## Data provided
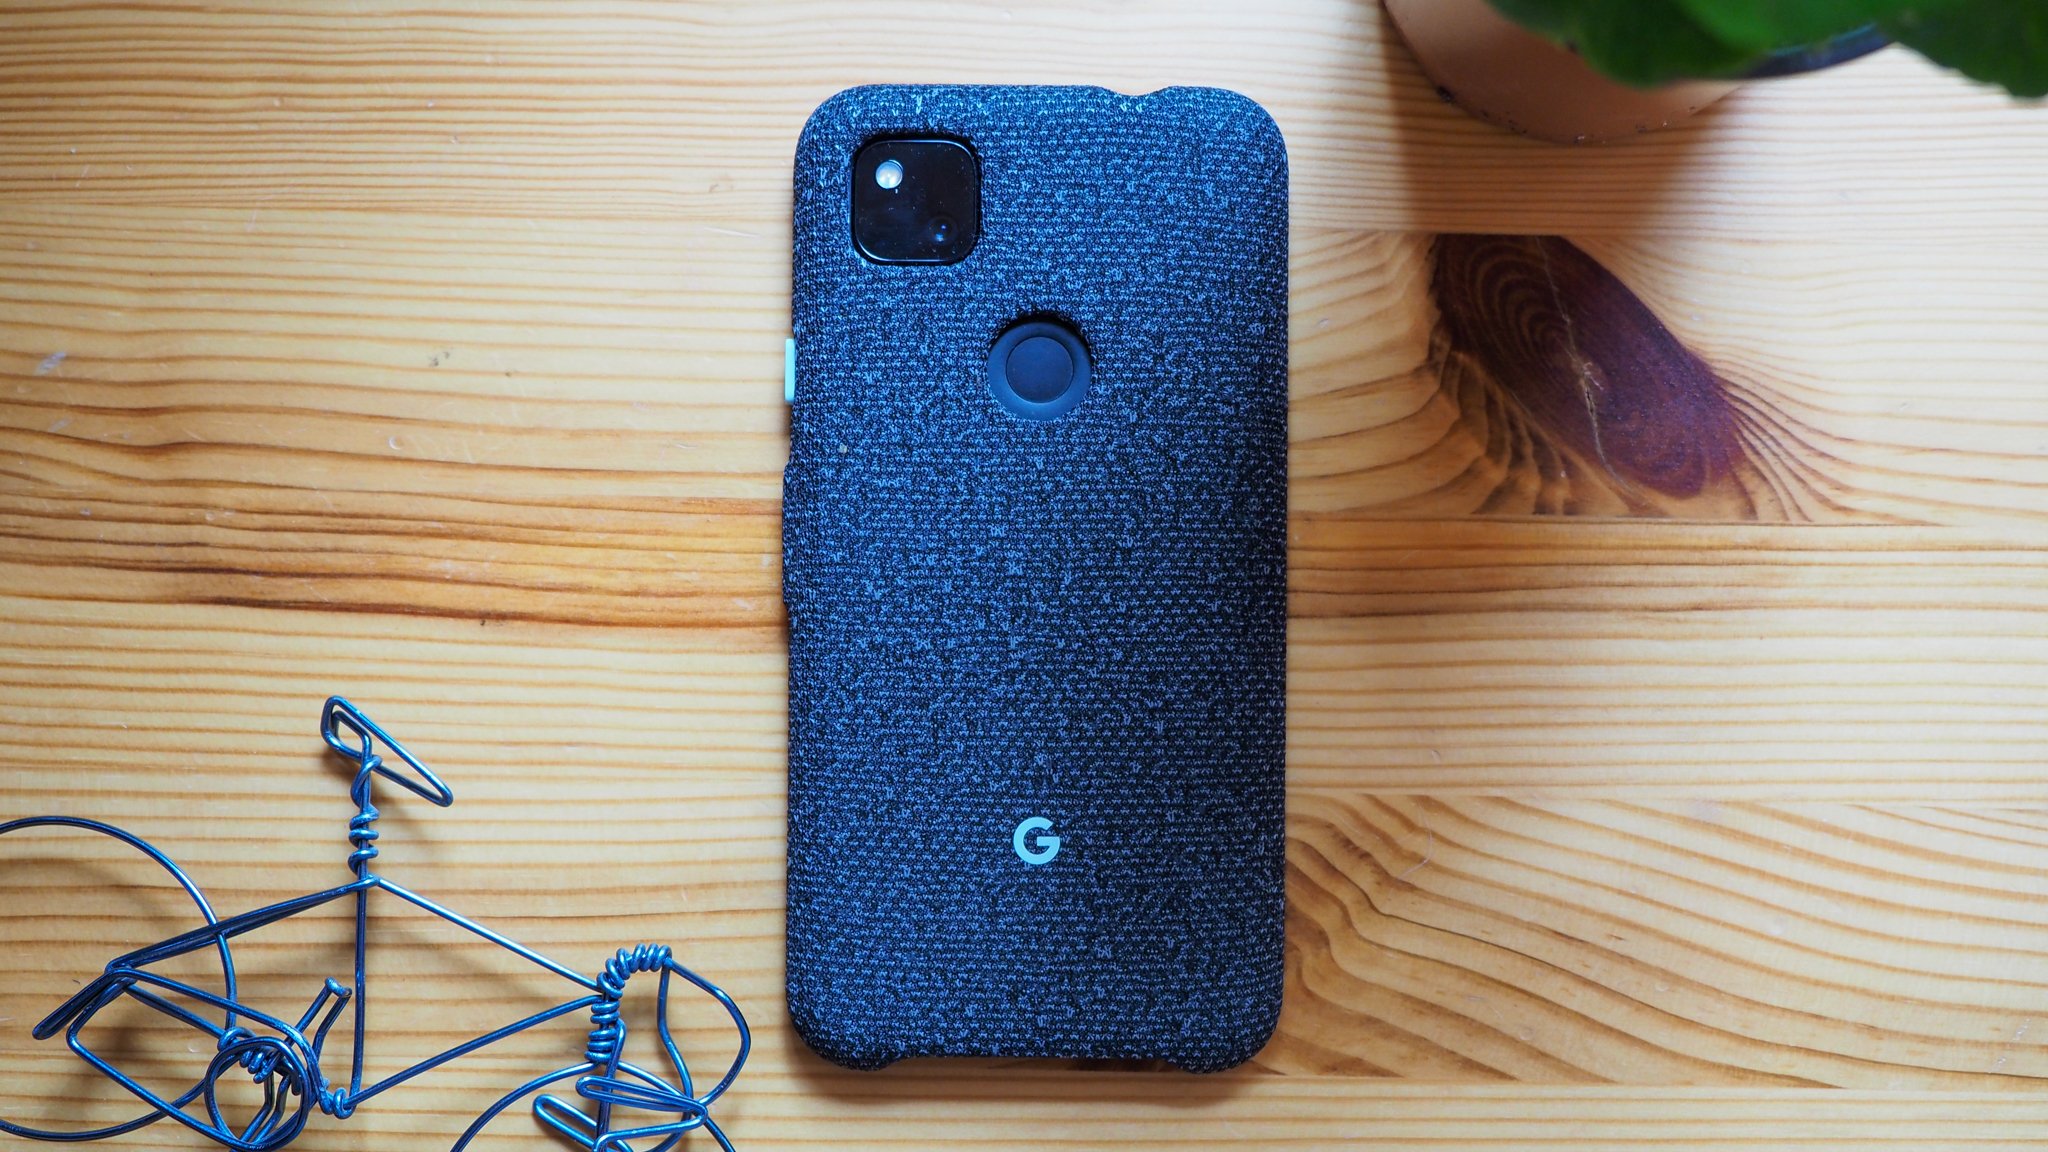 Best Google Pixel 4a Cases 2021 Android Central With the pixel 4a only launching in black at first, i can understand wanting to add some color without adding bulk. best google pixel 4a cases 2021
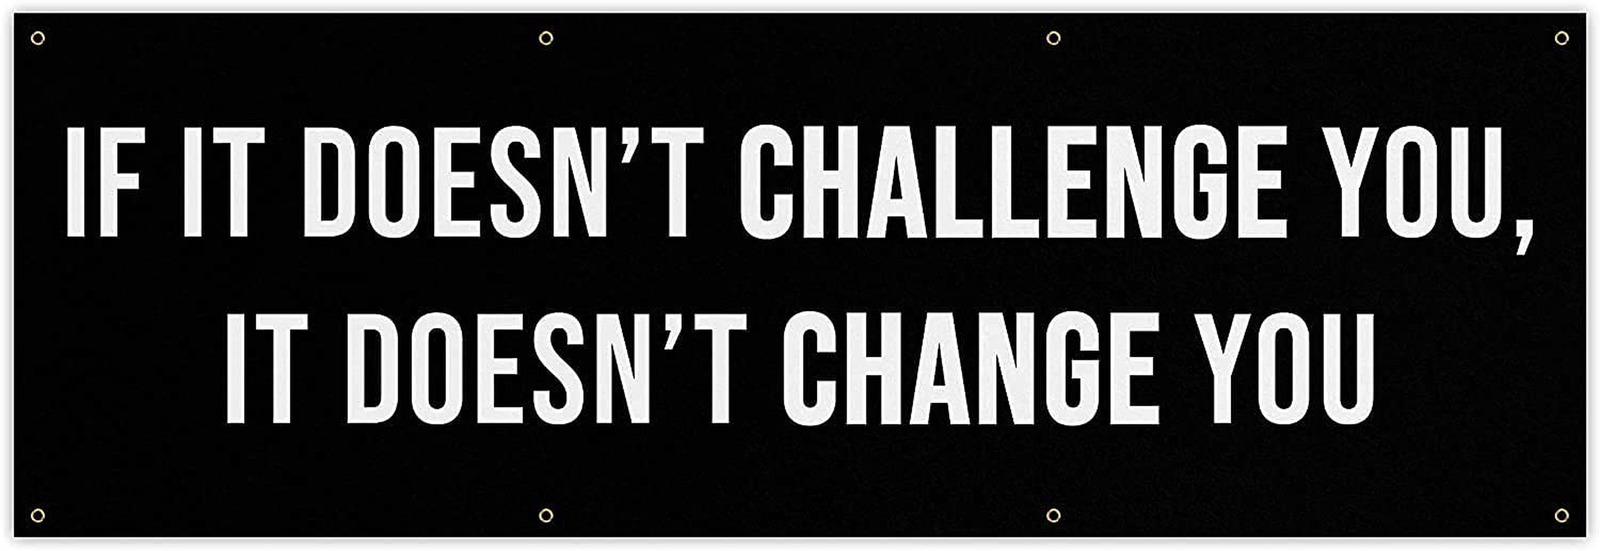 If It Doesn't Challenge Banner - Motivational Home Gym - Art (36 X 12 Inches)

* * *

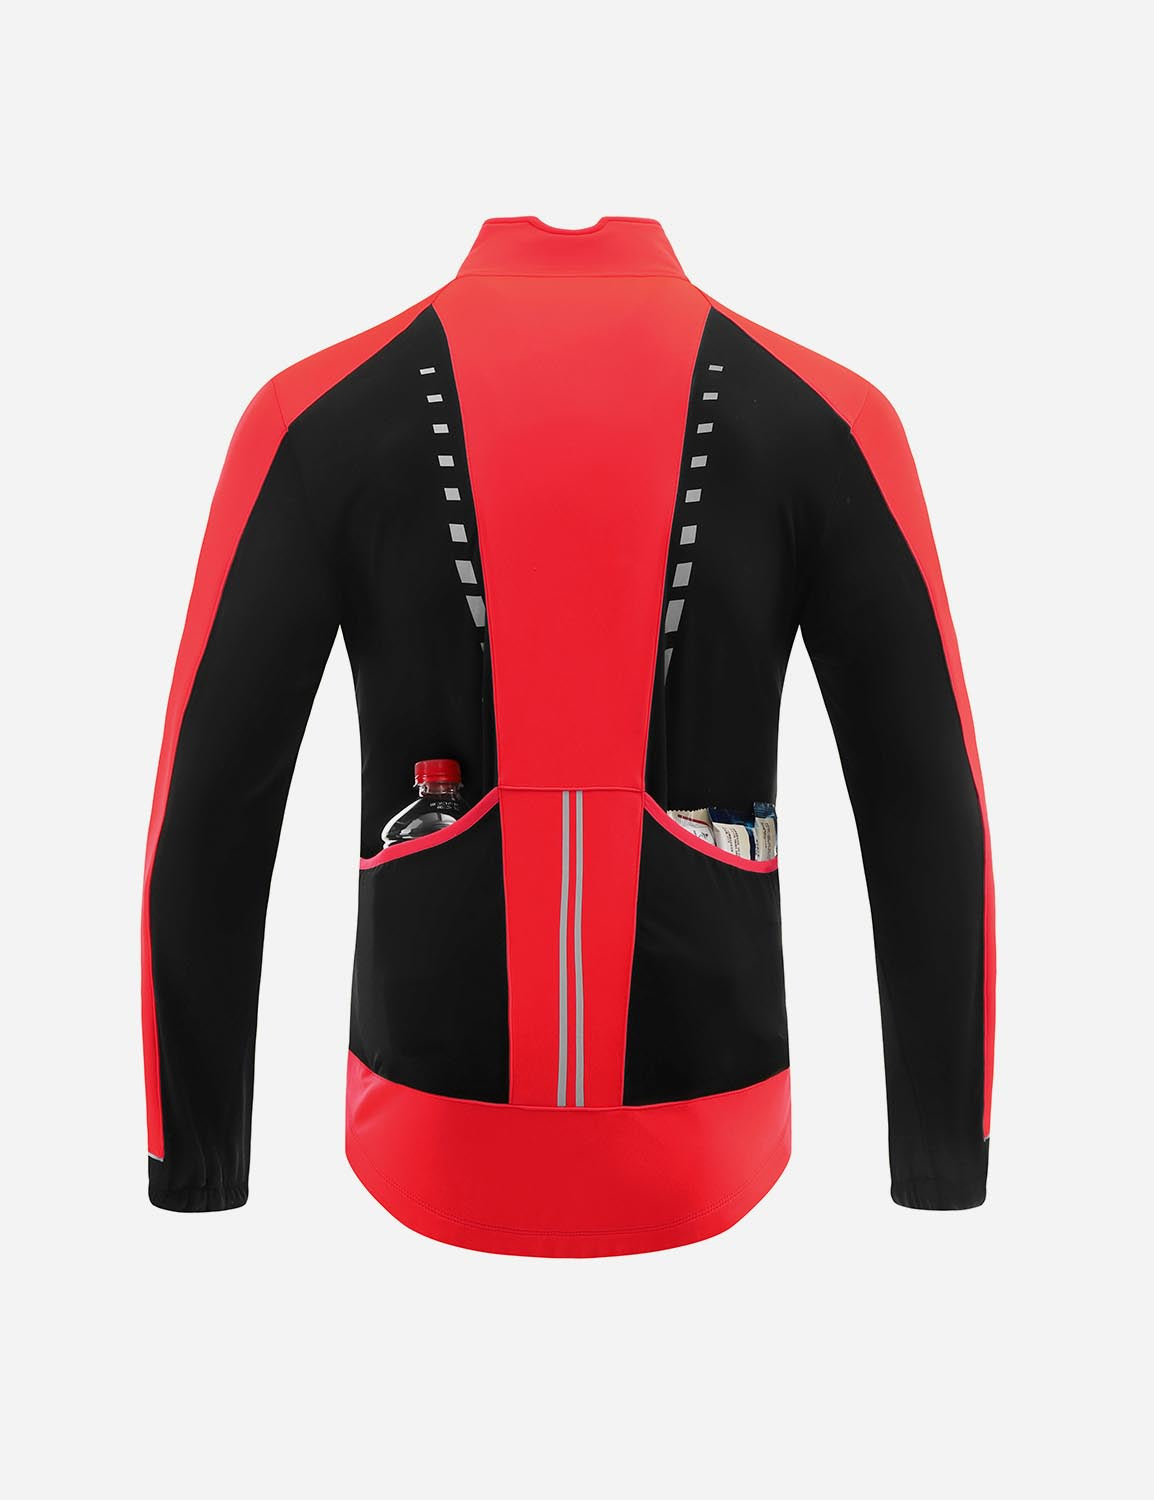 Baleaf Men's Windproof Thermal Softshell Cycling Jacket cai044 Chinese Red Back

## Task objective
Whatever pictures the records hold, omit them; give again exactly the lines from the one containing "Best Google Pixel 4a Cases 2021 Android" through the one containing "If It Doesn't".

## Answer below
 Best Google Pixel 4a Cases 2021 Android Central With the pixel 4a only launching in black at first, i can understand wanting to add some color without adding bulk. best google pixel 4a cases 2021
 If It Doesn't Challenge Banner - Motivational Home Gym - Art (36 X 12 Inches)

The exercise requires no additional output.